Suddle stood up. For the first time, the calm professor looked like a predator who had found his hunting ground.
"If I have your backing, Sir," Suddle said, his voice steel. "I will ticket your car if you break the limit."
"Good," I smirked. "You have full authority. Fire the corrupt, hire the best. Make the Motorway an independent republic of honesty."
"And the Punjab Police?"
"Let them rot for now," I said coldly. "When the people see the difference between your Blue Uniforms and their Khaki Uniforms... the people will demand the reform. We will not force the change. We will shame them into it."

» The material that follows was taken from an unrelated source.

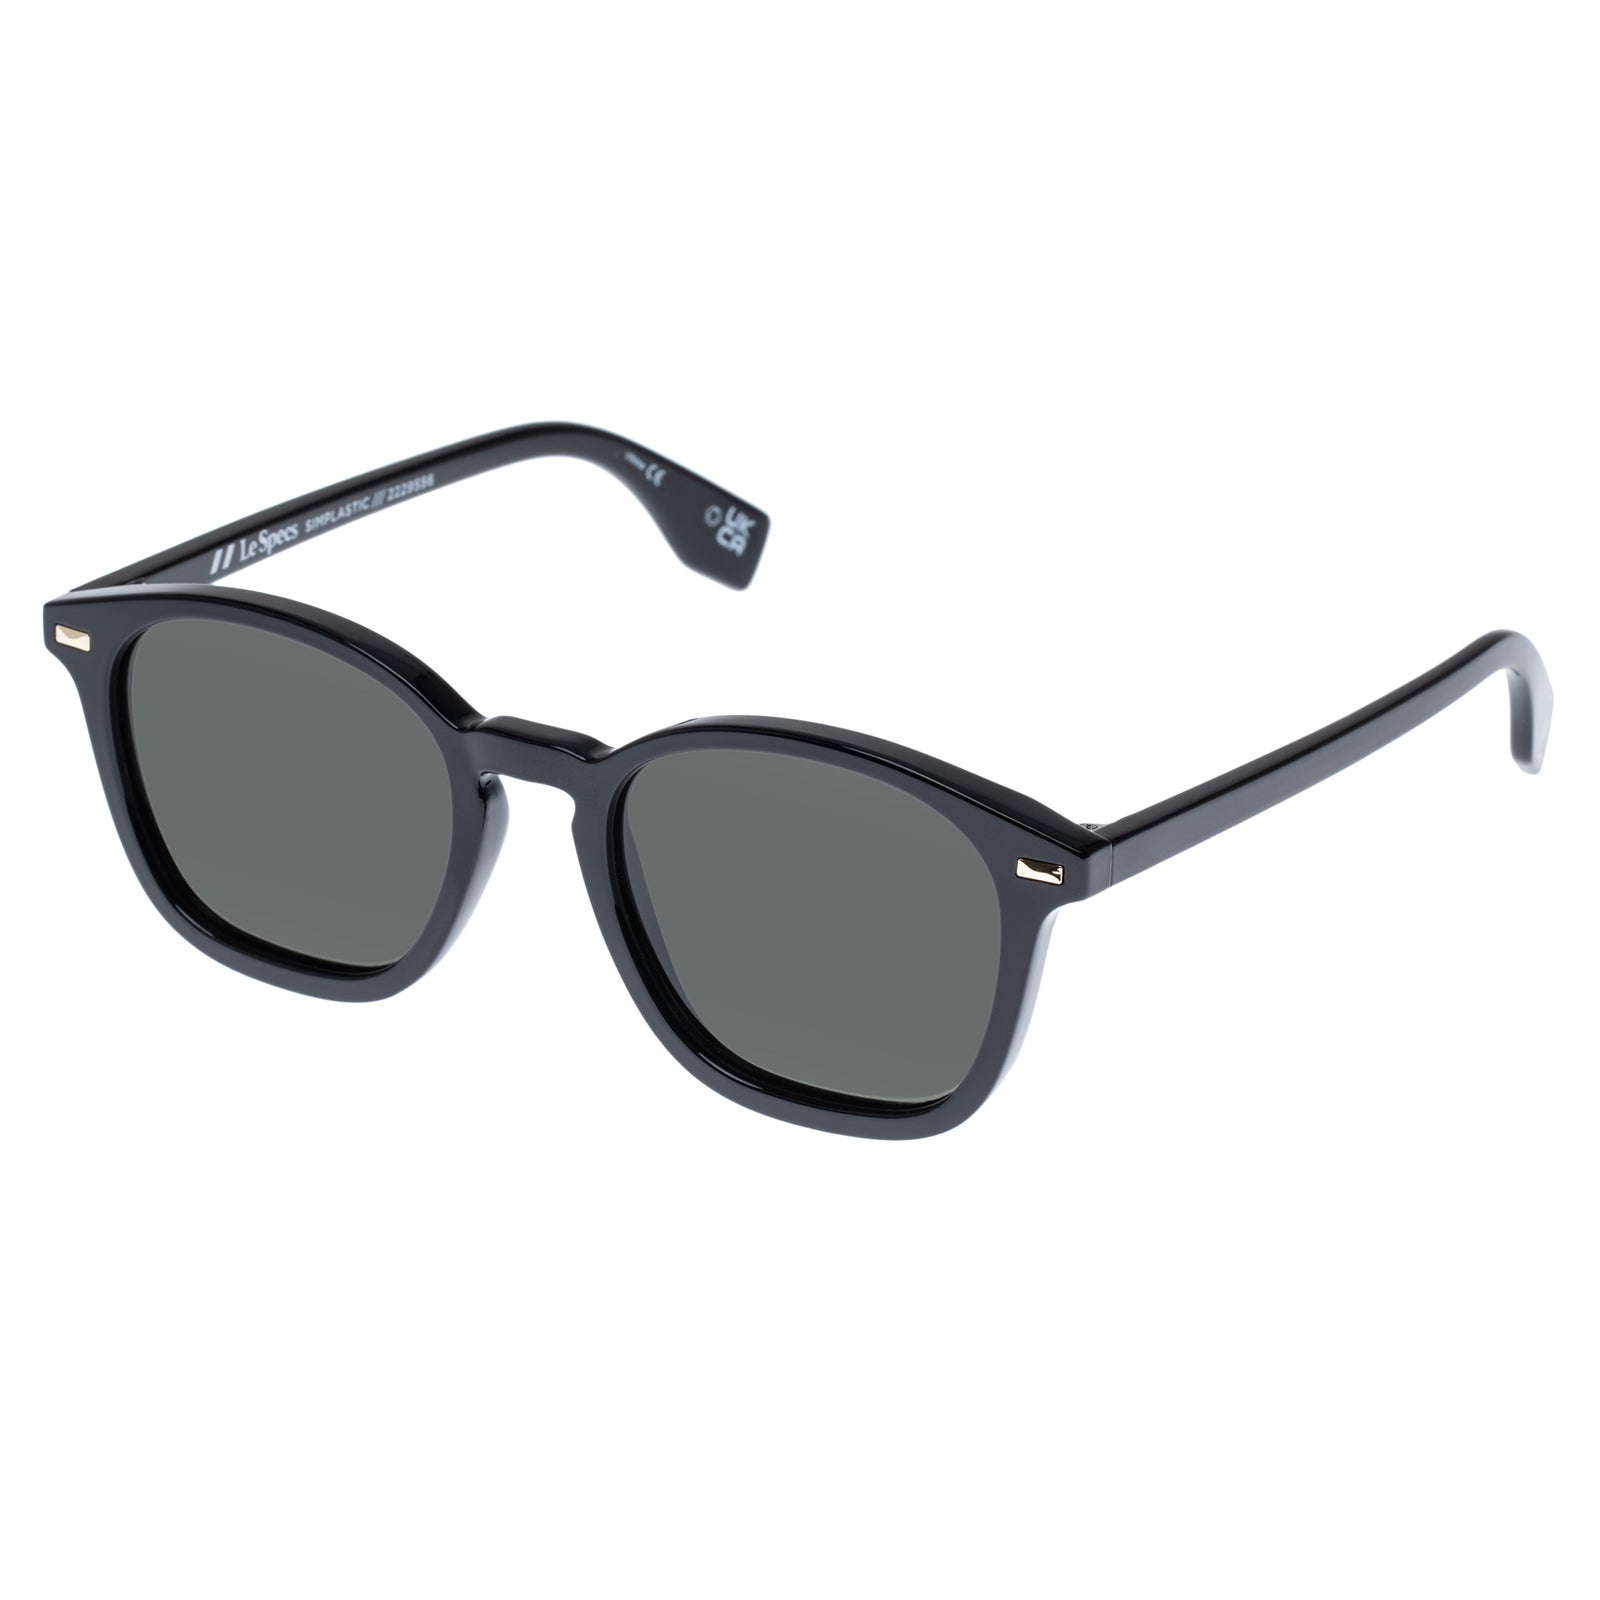 Simplastic Black Uni-Sex Square Sunglasses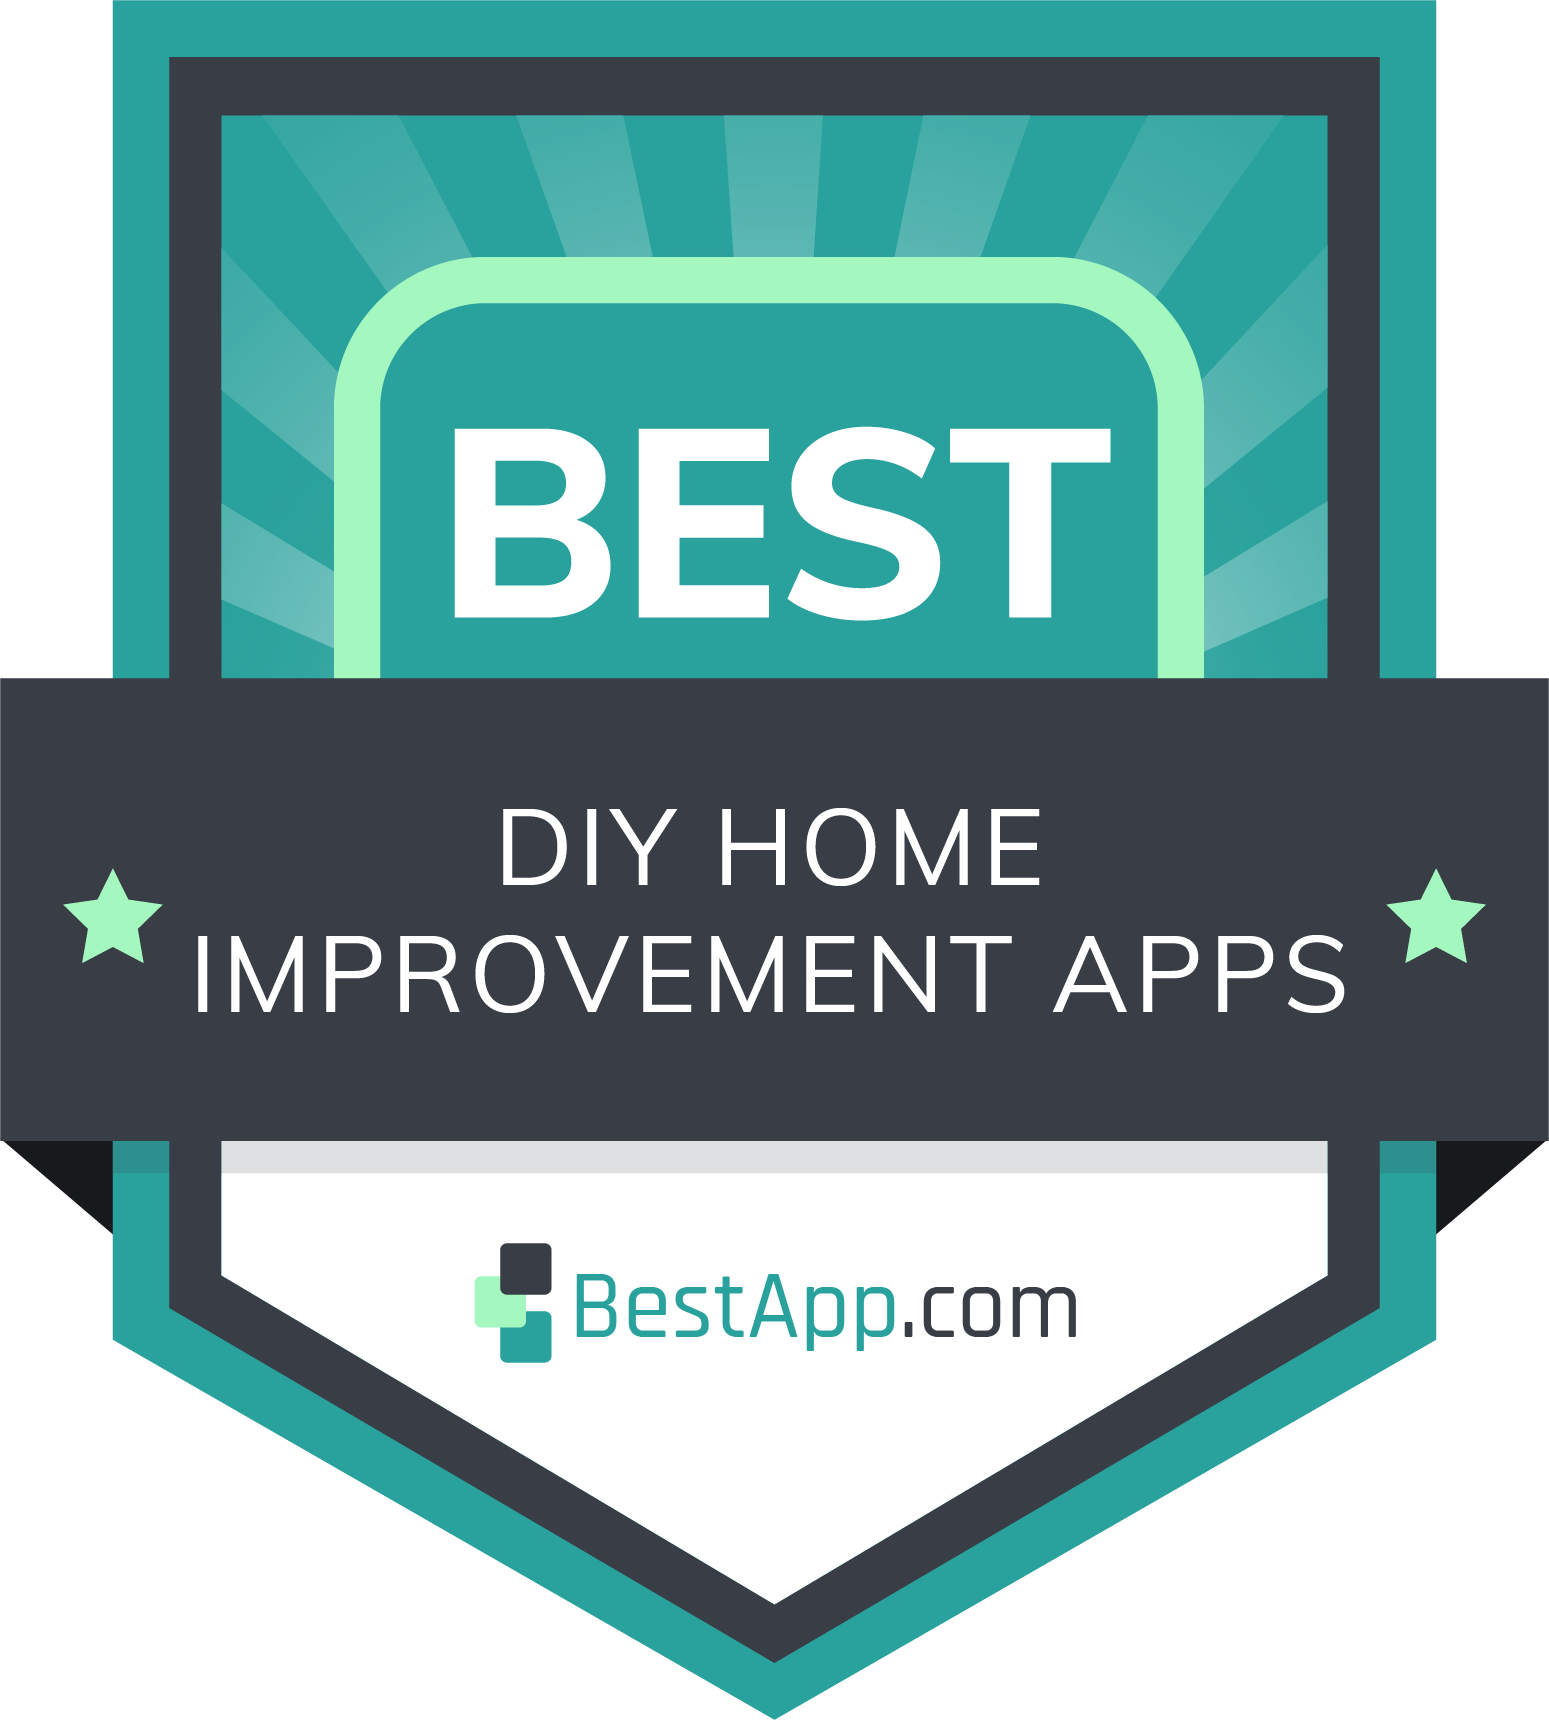 Best DIY Home Improvement Apps Badge

Suddle saluted. This time, it wasn't just protocol. It was a pact.
The Aftermath
As Suddle left, I sat down and made a note in my personal diary.
Asset Acquired: The Scalpel.
The Generals were busy counting their future sugar subsidies. They didn't notice that I had just handed the country's most vital logistical arteries to the only man in Pakistan who couldn't be bought.
The "Company" was happy. They thought I was distracted.
But Aditya Kaul knew better. You don't kill a monster by stabbing it in the toe. You starve it. You cut off its roads. You audit its books. And then, when it is weak... you send in the Scalpel.